Studio album by Daniel Caesar
- Released: June 28, 2019
- Recorded: 2018–2019
- Studio: Shangri-La Recording, Henson Recording, Brandon's Way Recording (California); Abbey Road, Metropolis (London); An Airbnb; The Cube (Toronto, Canada); Conway Recording (Hollywood, California); Paramount (Los Angeles);
- Genre: R&B
- Length: 43:01
- Label: Golden Child
- Producer: Jordan Evans; Matthew Burnett; Daniel Caesar; Alex Ernewein; Boi-1da; Ethan “SPYDER” Ashby; John Mayer; River Tiber; The Neptunes;

Daniel Caesar chronology
| Freudian (2017) | Case Study 01 (2019) | Never Enough (2023) |

Singles from Case Study 01
- "Love Again" Released: July 5, 2019;

= Case Study 01 =

Case Study 01 (stylized in all caps) is the second studio album by Canadian singer and songwriter Daniel Caesar, released on June 28, 2019, through Golden Child Recordings.

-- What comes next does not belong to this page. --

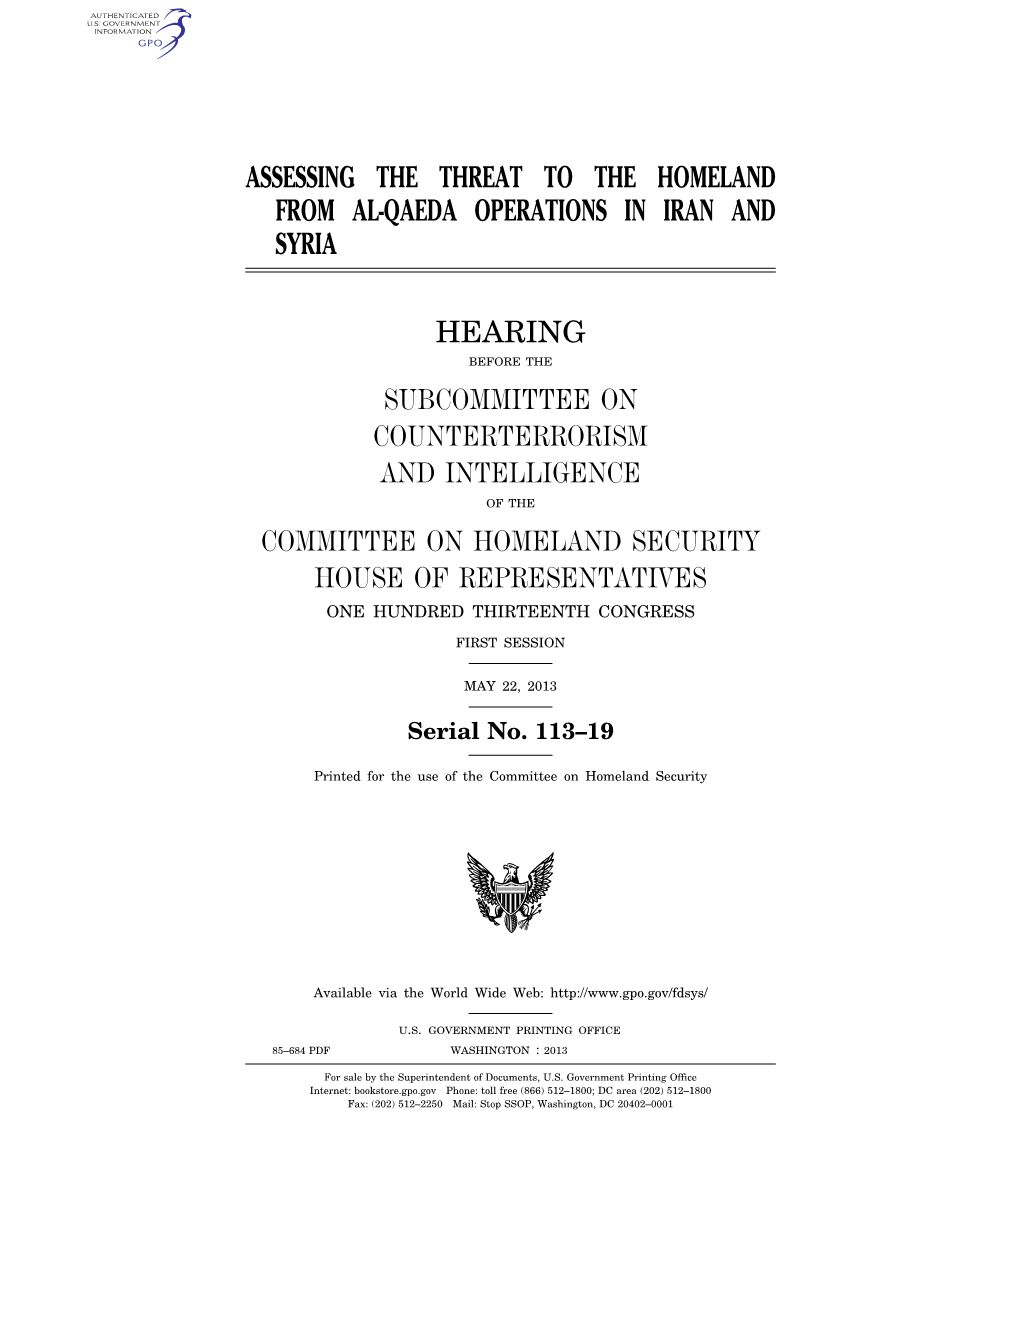 Assessing the Threat to the Homeland from Al-Qaeda Operations in Iran and Syria Hearing Subcommittee on Counterterrorism And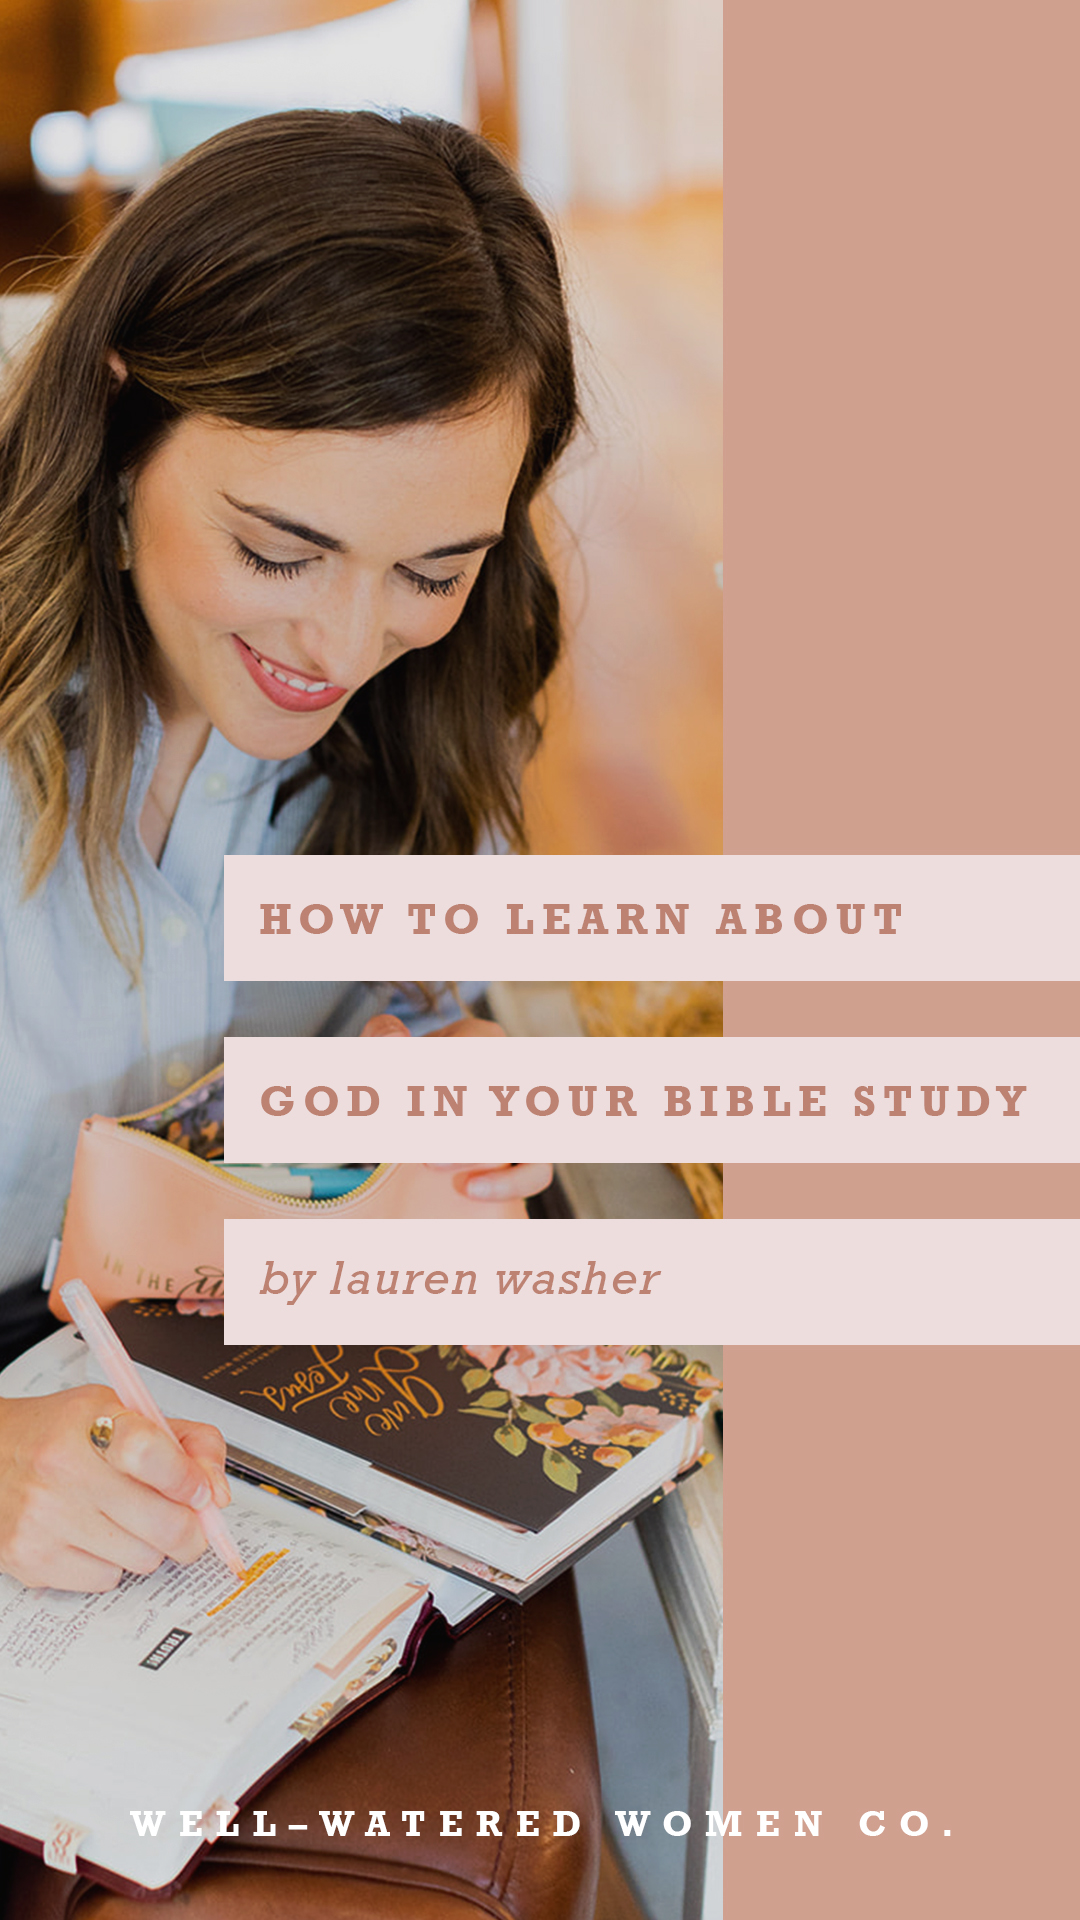 How to Learn About God in Your Bible Study – an Article by Well-Watered Women

It features guest appearances from Brandy, Pharrell Williams, John Mayer, Sean Leon and Jacob Collier.

==Promotion==
Caesar held a listening party in Los Angeles in the week leading up to the album's release. Along with invited music industry figures, the event was also open to the first 200 guests that arrived. Caesar also teased the album on social media, including with a video of a person walking across a desert set to a "muted keyboard melody" and a quote from scientist J. Robert Oppenheimer.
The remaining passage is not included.